The job of the parent, the job of the teacher, in different ways, then is to allow the child, the student to grow in freedom. Friendship requires the equality of freedom. It is only when we give this gift that we can become friends. 

But after a moment’s reflection, we soon realise that a major part of giving the gift is teaching the student how to receive it. I’ve mentioned before a precious memory I have of one of my nephews at Christmas. When he was really young, he was only just beginning to understand gift-giving. But not really. Whenever we gave him a present, he would take it to his mum to see what he should do with it. She would get excited; he would mimic the excitement.  They would then open the present together, and then she would show him how to use it. Finally, she would tell him to go and say thank you to the relevant person. She was teaching him how to receive a gift. 

Again, I am sure this a familiar story. We all know when we are in a great lesson. We can all recognise the hours spent trying to work out the perfect conditions for imparting the lesson the teacher wants to give, considering the different circumstances and learning behaviours of different students, what is likely to motivate and what makes a lesson memorable.

And I think this is what ties our gospel together. This is what the Church wants for her children. The freedom that we want to inculcate in the end is a freedom from ego, a freedom from self. The freedom we want to give is the freedom to lay down one’s life. This is the ultimate freedom. 

However, this laying down of one’s life is also what creates the atmosphere that encourages each of us to receive the gift. Jesus washing our feet encourages us to follow his commands. The love that my sister-in-law constantly shows my nephew, the love that a teacher shows a student through care in the lesson, communicates the benefit of the lesson better than anything else. More than that, in the end, this laying down of one’s life through the work of teaching is the real lesson. The washing of the feet is the command. And this of course flows into the way we each of us act towards each other throughout our parish and beyond. Care breeds care.

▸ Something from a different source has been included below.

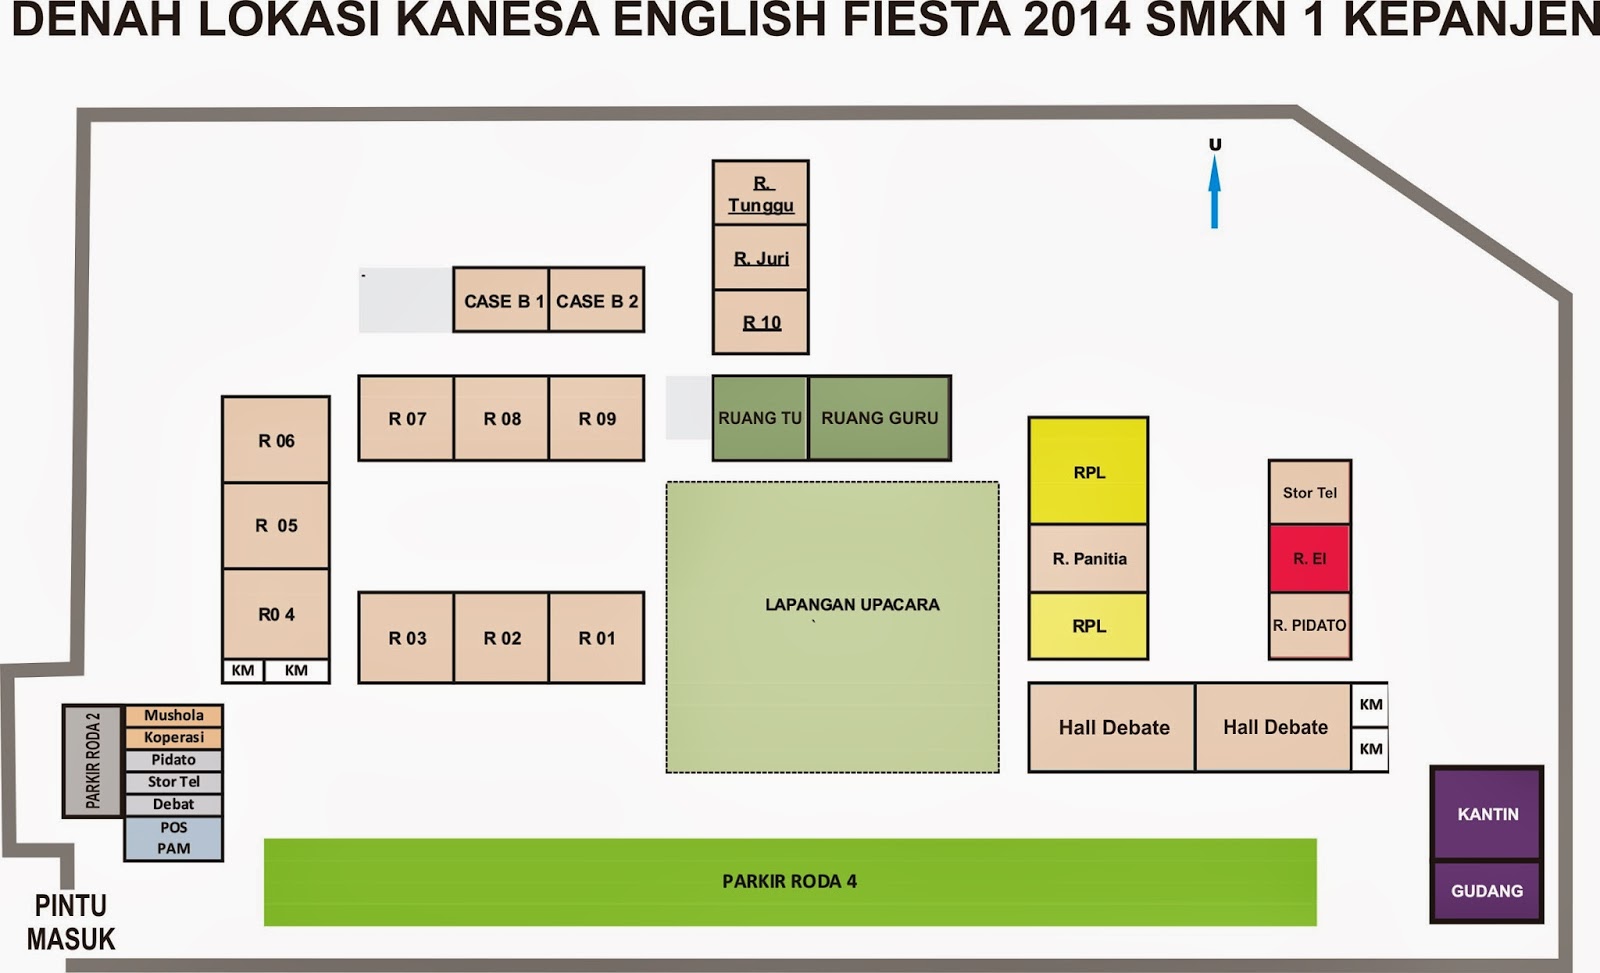 Kanesa English Fiesta 2014 Denah Sekolah Smkn 1 Kepanjen

And so this gospel presents us with a question: do we have anything to learn in relation to equality, freedom and love? God and the Church definitely think so. Do we have anything to learn in relation to equality, freedom and love?

If we say yes, then who are we going to trust as our teacher? And why? And if we say Jesus, will we heed his lesson, trust his commands? Do we believe that he is trying to give us the freedom of the children of God? Do we believe that he wants to lead humanity into the ultimate friendship: communion with God?